> **About this exercise**
Below is a listing; restate from it, character for character, the lines beginning at the line holding "Pirate hook. Silver" and ending at the line holding "Empty picnic tables", both included.

> **The records**

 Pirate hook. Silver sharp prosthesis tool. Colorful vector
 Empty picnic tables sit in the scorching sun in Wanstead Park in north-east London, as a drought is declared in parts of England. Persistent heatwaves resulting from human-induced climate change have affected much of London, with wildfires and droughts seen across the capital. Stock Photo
---
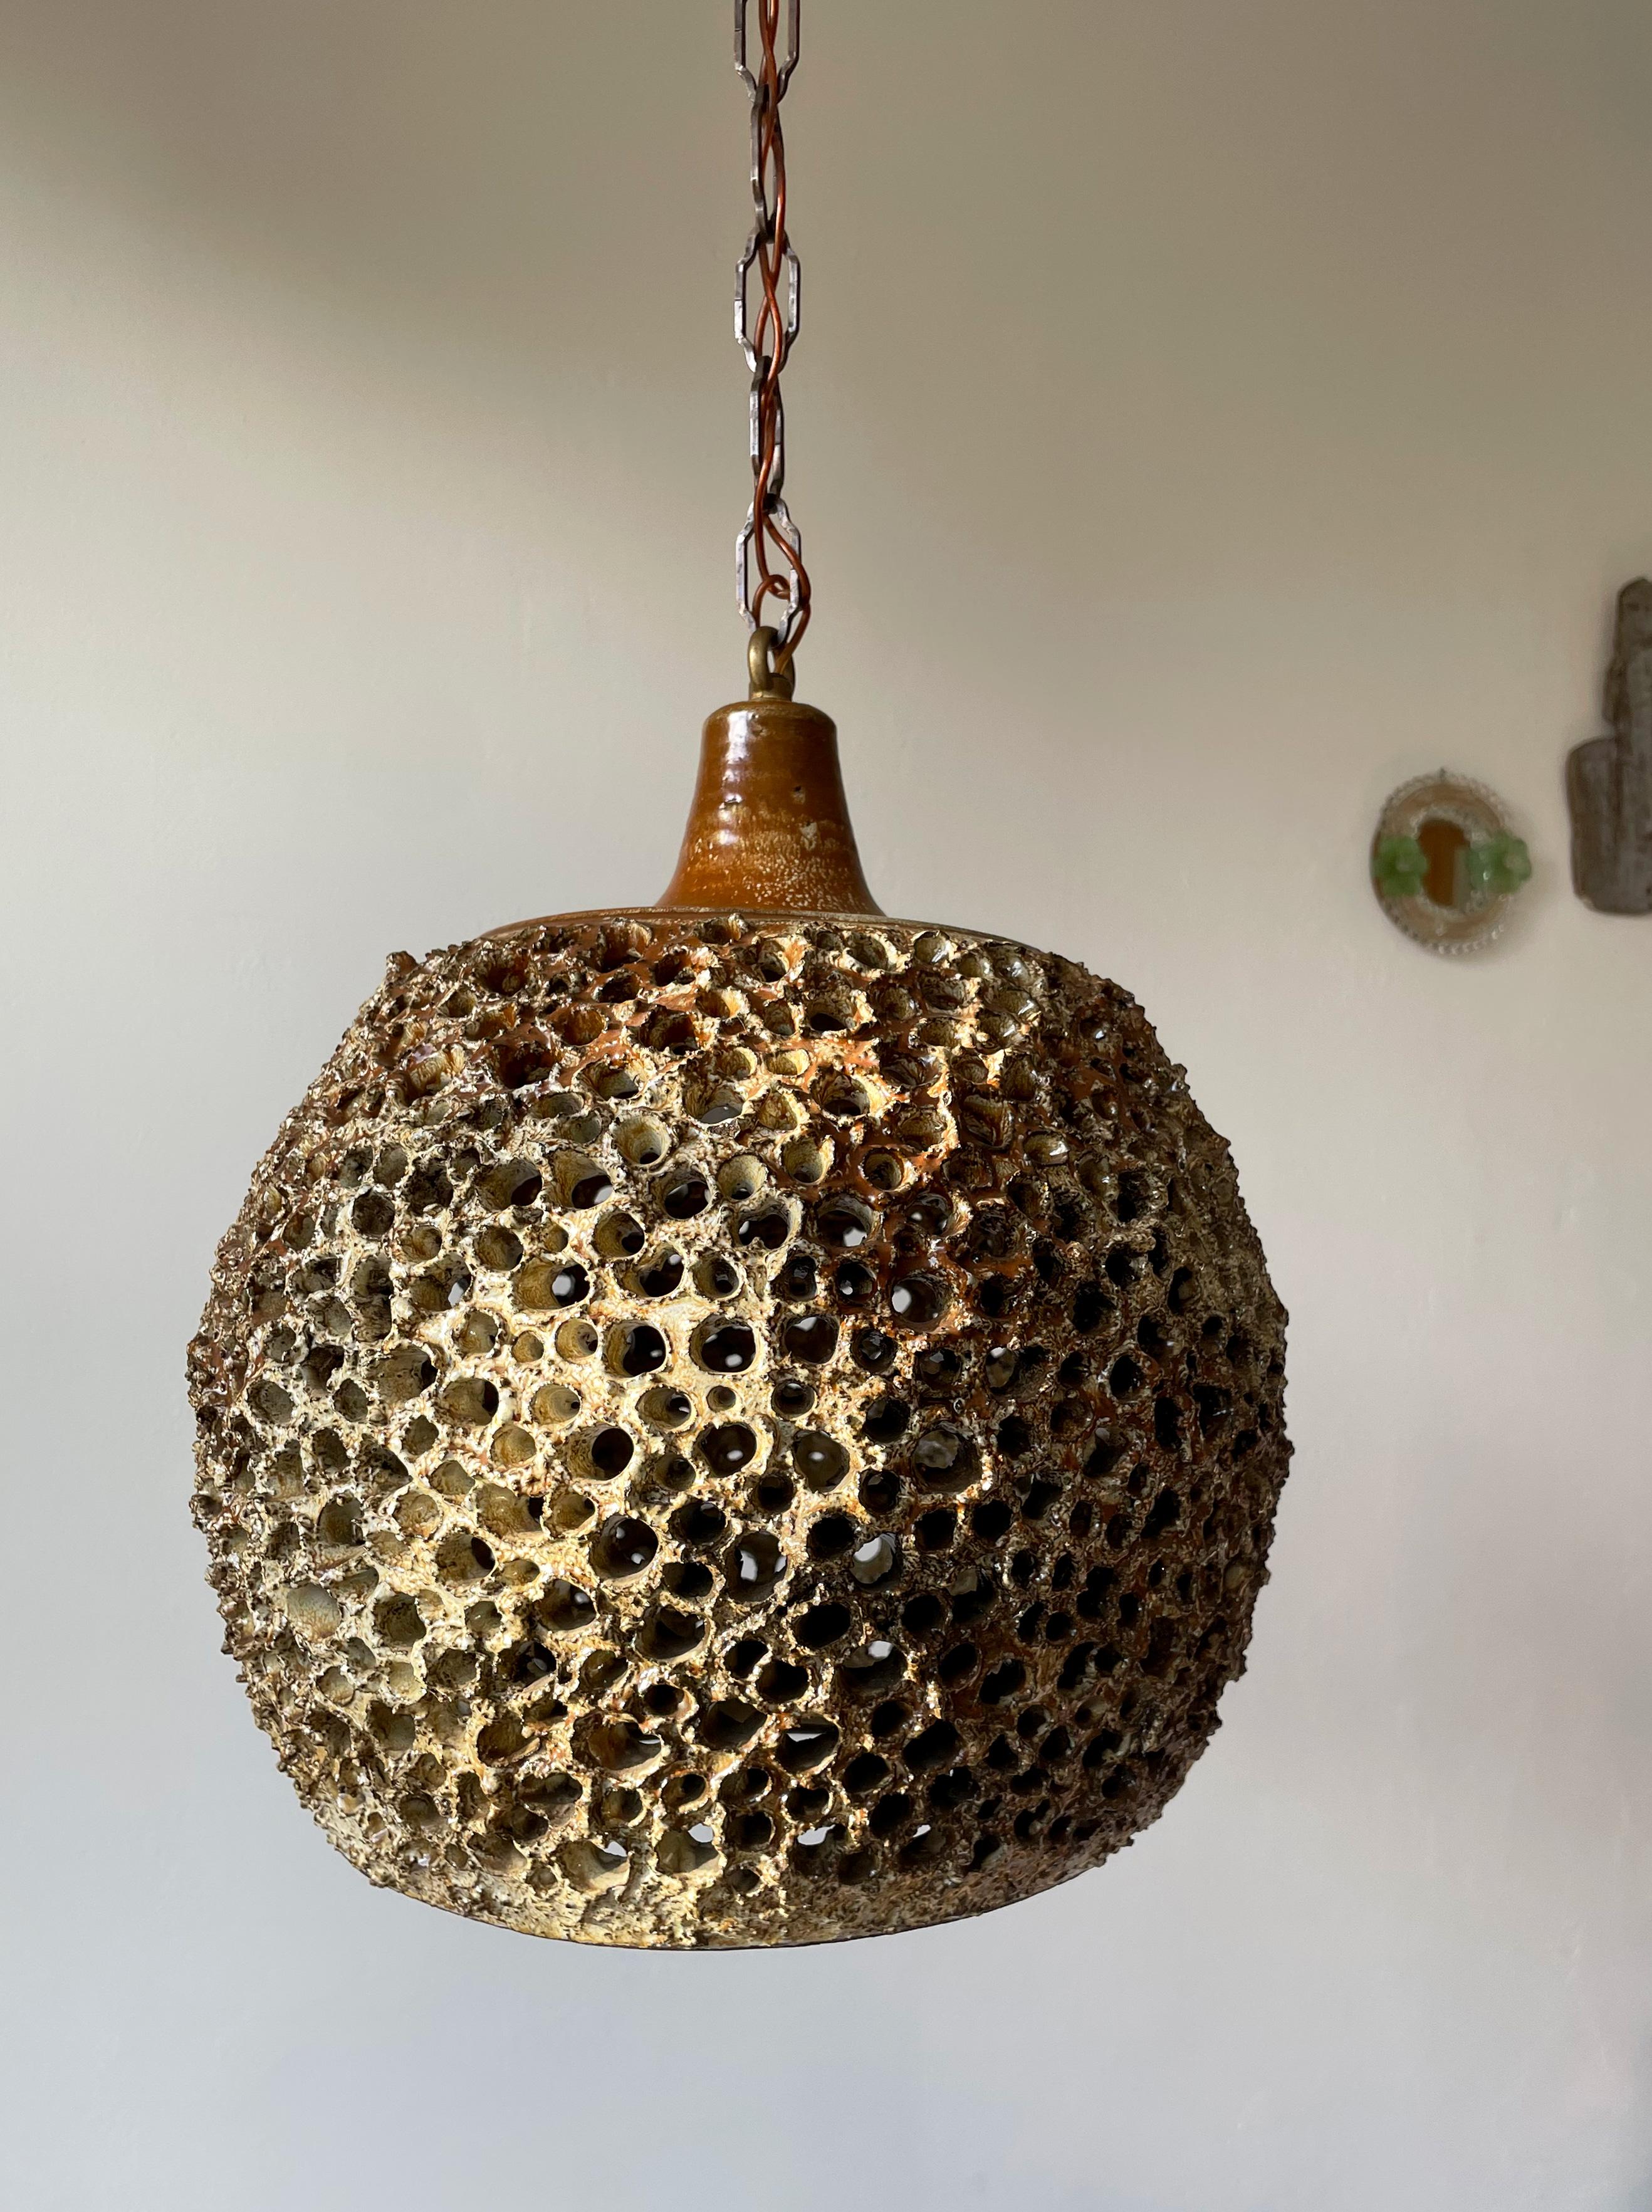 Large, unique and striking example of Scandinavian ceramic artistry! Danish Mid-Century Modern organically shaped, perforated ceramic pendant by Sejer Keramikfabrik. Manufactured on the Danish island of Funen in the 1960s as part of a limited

> **Answer to the problem**
 Pirate hook. Silver sharp prosthesis tool. Colorful vector
 Empty picnic tables sit in the scorching sun in Wanstead Park in north-east London, as a drought is declared in parts of England. Persistent heatwaves resulting from human-induced climate change have affected much of London, with wildfires and droughts seen across the capital. Stock Photo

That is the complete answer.